When to let go has always been hard for me. Frankly, I am one who exhausts all efforts to try to resolve any situation, no matter how long it may take......


When to understand the signs staring you in the face that anything worth having comes at a cost, but not when that cost is far more than you can afford.......


When to say 'Enough" and stop tripping over oneself in a foolish dance that begins and ends on the same note. Be it sharp or flat. The music stops and you are always the one left without the chair......


When to realize that the effort taken has been one sided and the return on the investment nil. Because you were dealt a loaded deck at the table, and everyone knew but you.....


When continuing an effort is not only futile, but damaging to one's self, to their physical and emotional well being......


When you finally know the game is done and to even continue at this juncture is pointless......


When you figure out that despite protests to the contrary, no one will be there to catch you when you fall, even when you have been there so often to catch others......


When you see an untenable position, and finally understand that the game and it's players, have bested you. and you are forced to lay your sword and your throat at the mercy of the game itself......


Knowing these things I think I always did in the back of my mind.
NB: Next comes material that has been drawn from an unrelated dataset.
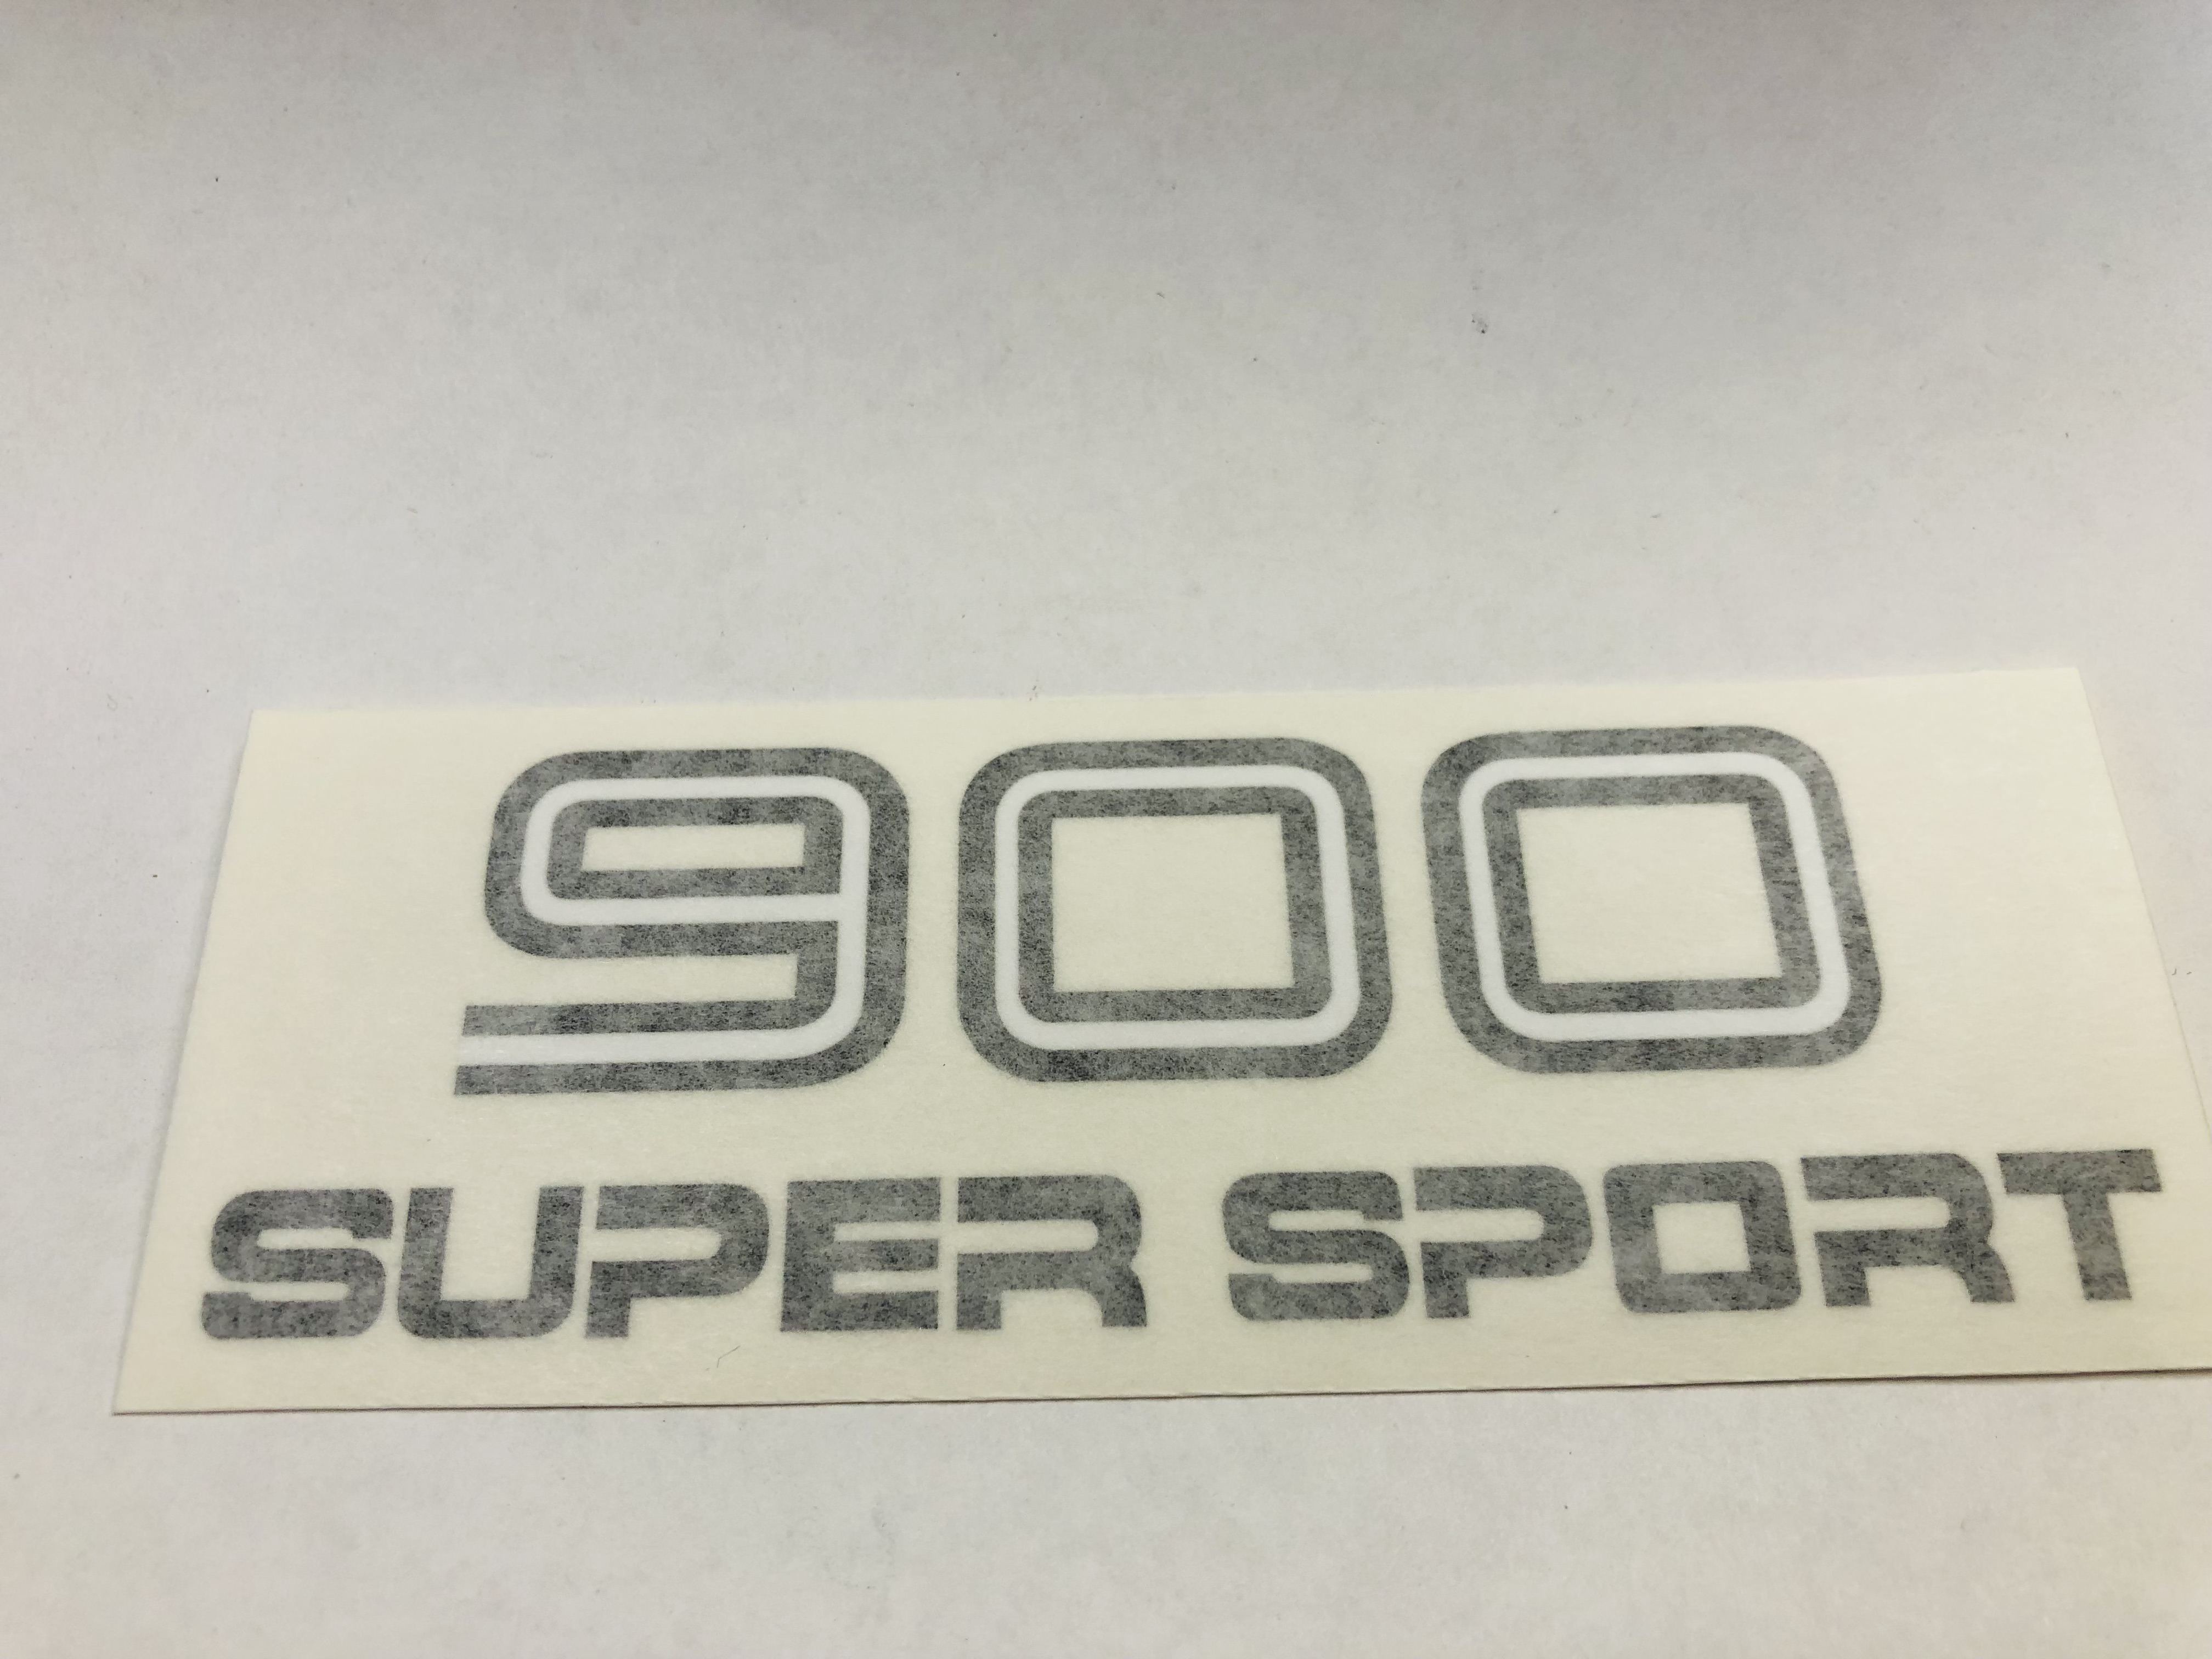 900ss side panel decal black & white 75-78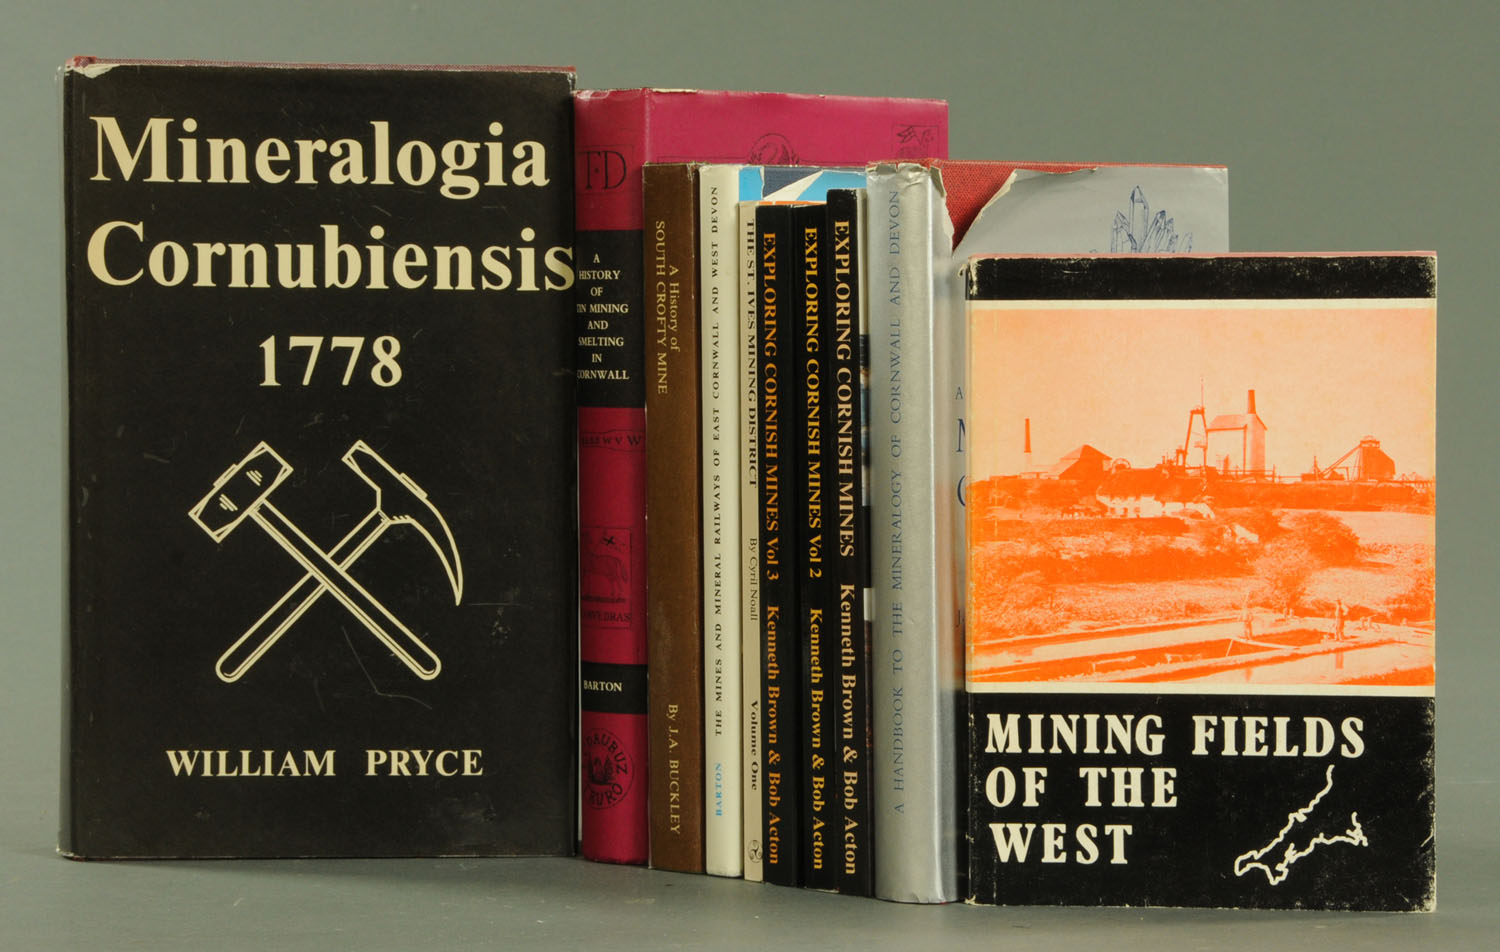 "Mining in The West Country", "Mineralogia Cornubienis" by William Pryce (1972),

Despite that I drudged on like an army that already knew it was defeated. I just could not admit it to myself.


I have lost so much more than just this....so much, much more.......












Friday, May 7, 2010

An Open Letter To Stephanie

Yesterday evening I selfishly undertook an ill thought out action that resulted in hurting someone I care deeply about. In one fell swoop I failed miserably in my communication skills. I failed as a friend, and as a human being.

It is something I am not proud of by any means. I thought I was making things better and I made things far worse than I ever expected. Inexplicably I put my own selfish needs and desires ahead of someone else . I adore more than words can explain.

I was feeling insecure, lonely, and sad. What I did was lose someone dear to me and did so without thinking of her situation. .
Because of my own stupidity I humiliated someone for no good reason other than I felt unwanted. and fearful of rejection.

What I write here is not an attempt to get back into her good graces. It is not an attempt to do anything but publicly apologize to someone I truly admire and wanted in my life. I thought I was saving us both unnecessary pain, but I ended up causing more than I can fathom.

I'll be the first to admit that I am absolutely sick with grief at how this changed you and I. I will also admit that my feelings for you and my misguided assumptions about our friendship, and my inability to be man enough to tell you how I felt about you has lead us to this point. My remorse at adding to your pain is monumental. And for everything I did and said because I ultimately wanted to spare MYSELF I am truly, undeniably and forever sorry.

I do not know if you will ever read this, Stephanie. But I wanted to do this publicly because I felt it necessary to show you and to the world that I fucked up beyond belief. I fucked up our friendship because I am a complete moron.

Words can never express how important you are to me. I know I am not worthy of your time or your affection. I am not asking you to forgive me. I am simply stating on a public forum how my actions cause you pain.